Interaction between the reflected shock wave and the nonsteady jet in a shock tube experiment. (2nd report Theoretical base and proof for the behavior of reflected shock wave)

Abstract

Nitrogen gas is set to spurt from a small circular hole located at the end wall of a shock tube at about 35 ms before the shock wave arrives and reflects there. Interacting with the jet the reflected shock wave changes its shape from a plane shock wave to a curved one. We observed the phenomenon by the use of a schlieren system, time counters and pressure gauges. We calculated the pressure and the temperature behind the curved reflected shock wave by the use of its distance-time relations, the differentiation of cubic natural smoothing spline functions, and Rankine-Hugoniot equations. In this paper, we want to prove that the method, which we proposed in the previous work, is a reasonable and available one.
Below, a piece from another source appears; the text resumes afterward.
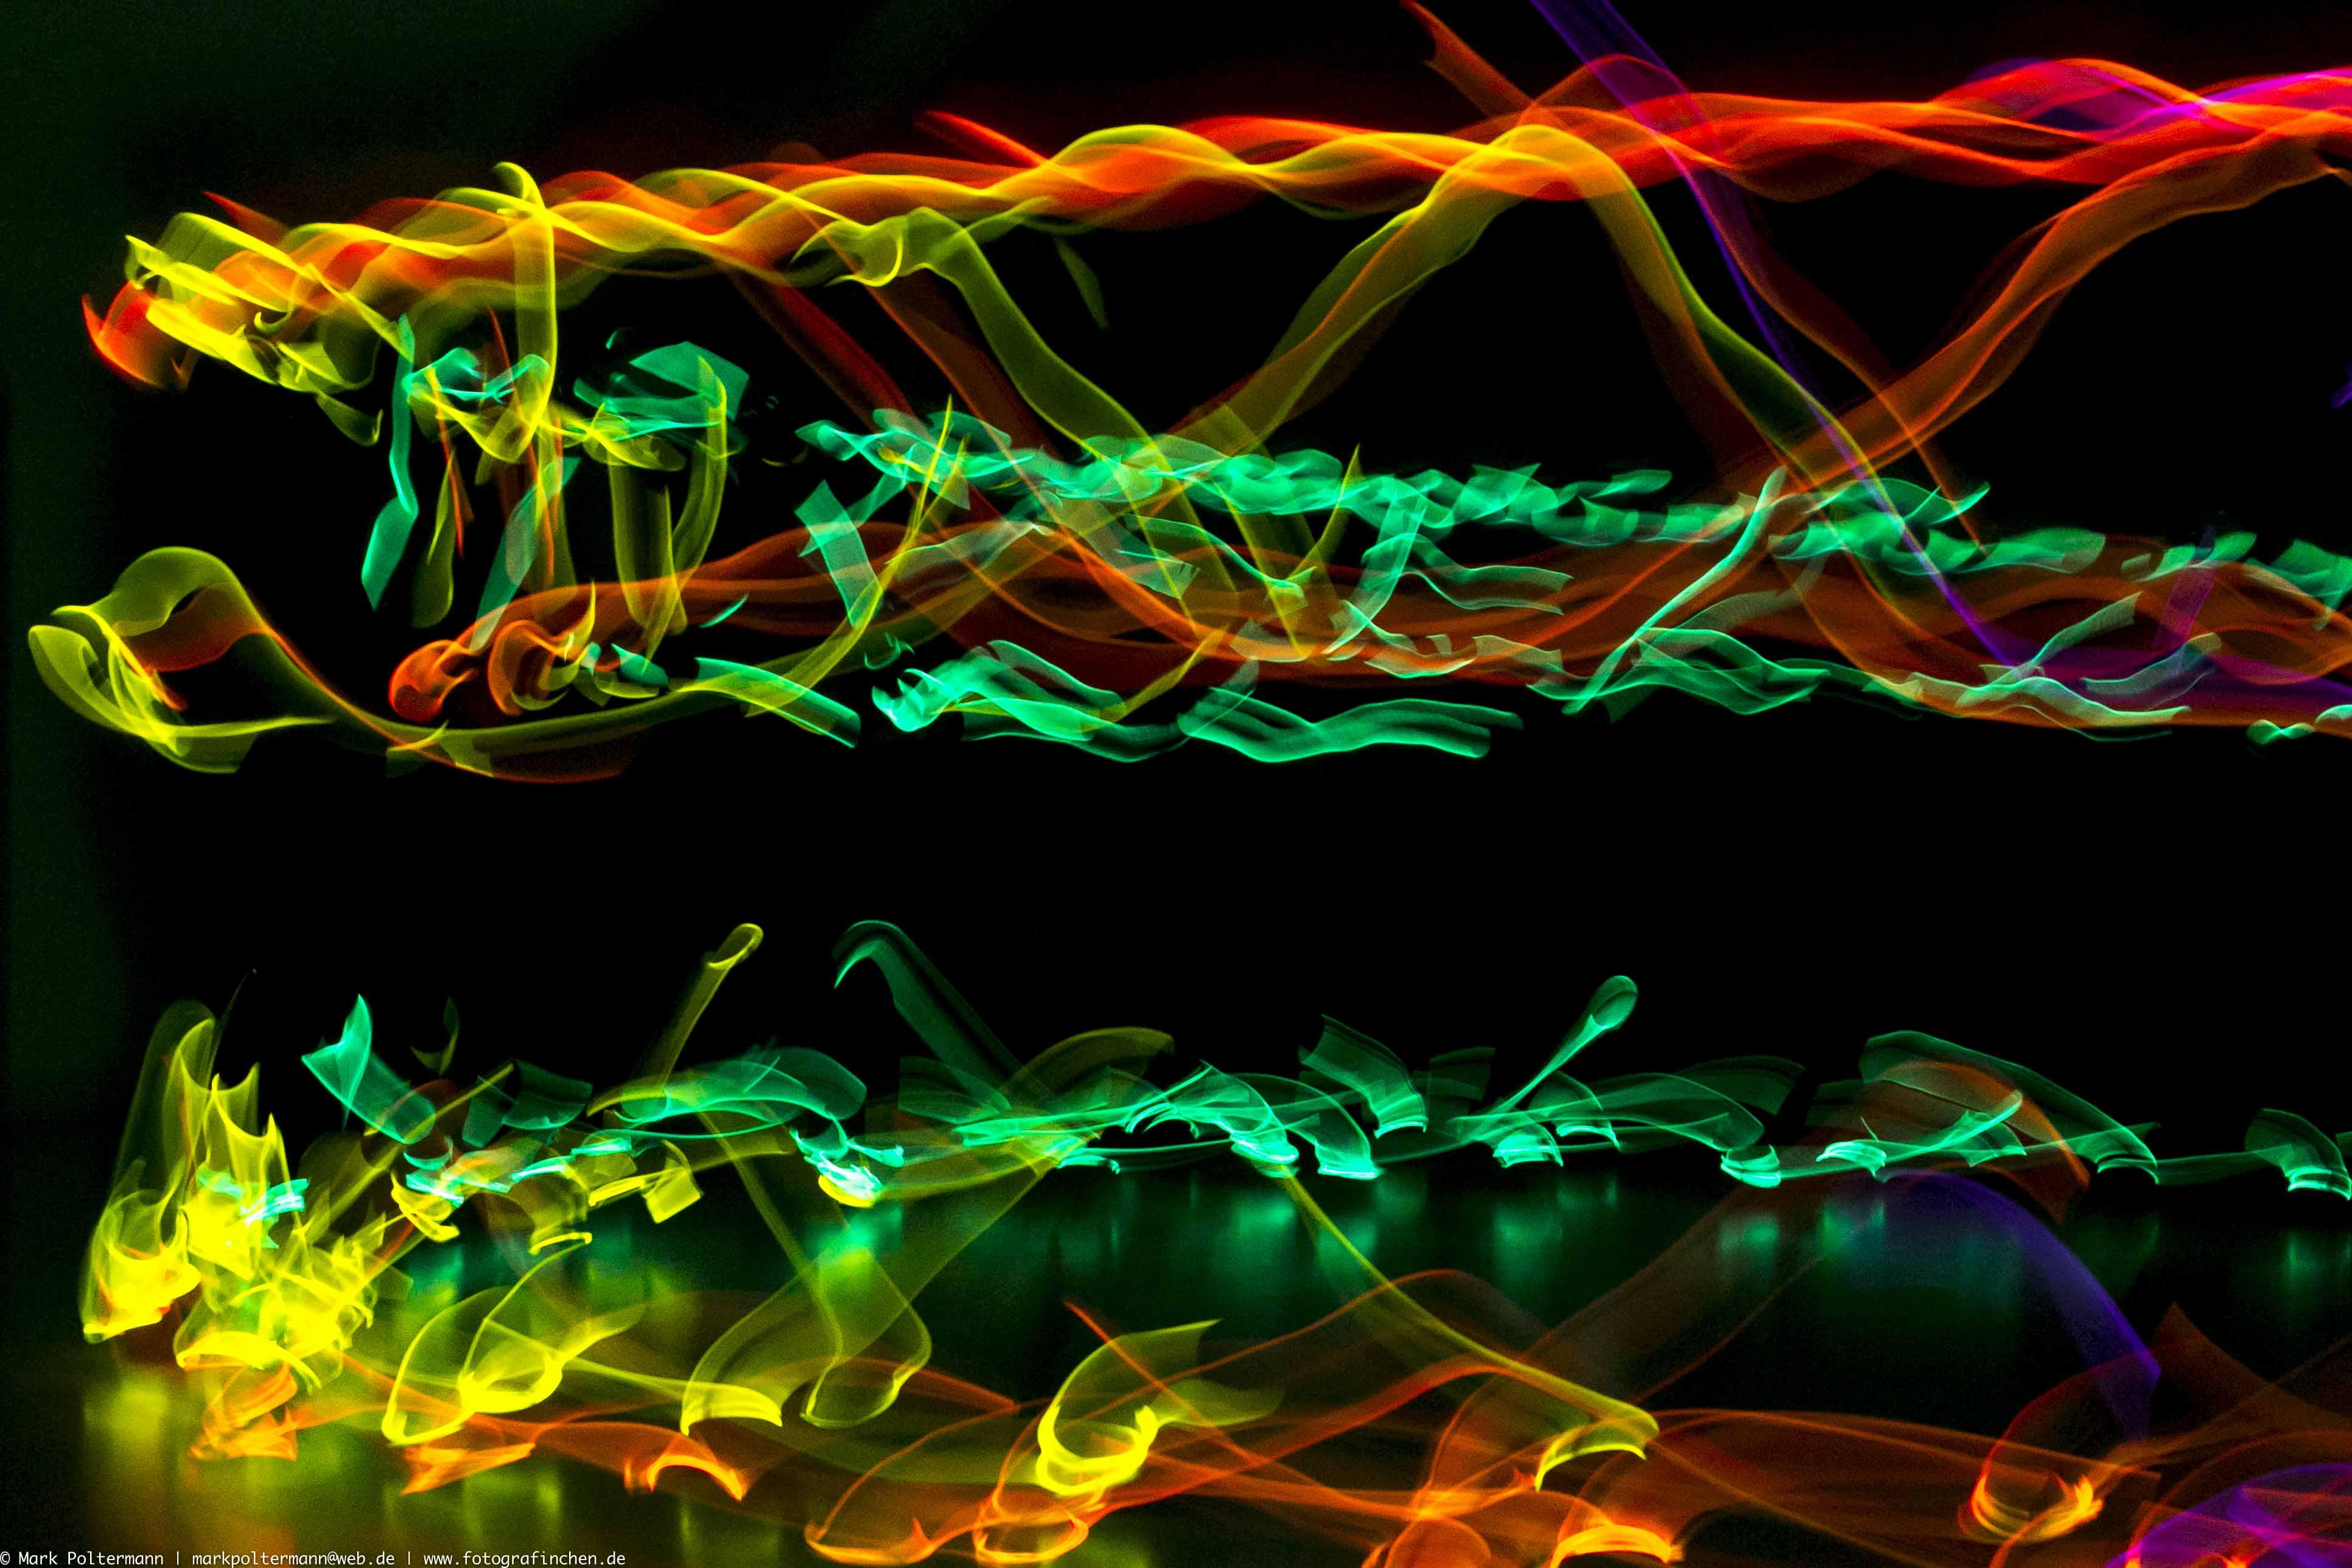 glowing-in-the-dark_20131130_001

The results are as follows: (1) From pressure profiles, we could show that the proposed method was a reasonable and available one. (2) When an unstable, curved, reflected shock wave turns back to a stable plane shock wave, it generates some expansion waves, which cause a temporary pressure-drop (about 120 μs) in the Kistler transducer on the side wall after the passing of a reflected shock wave. (3) The calculated results using the proposed method are supported by the experimental facts of (2), and the facts show that a strong inverse flow is made by the interaction between the reflected shock wave and jet behind the reflected shock wave.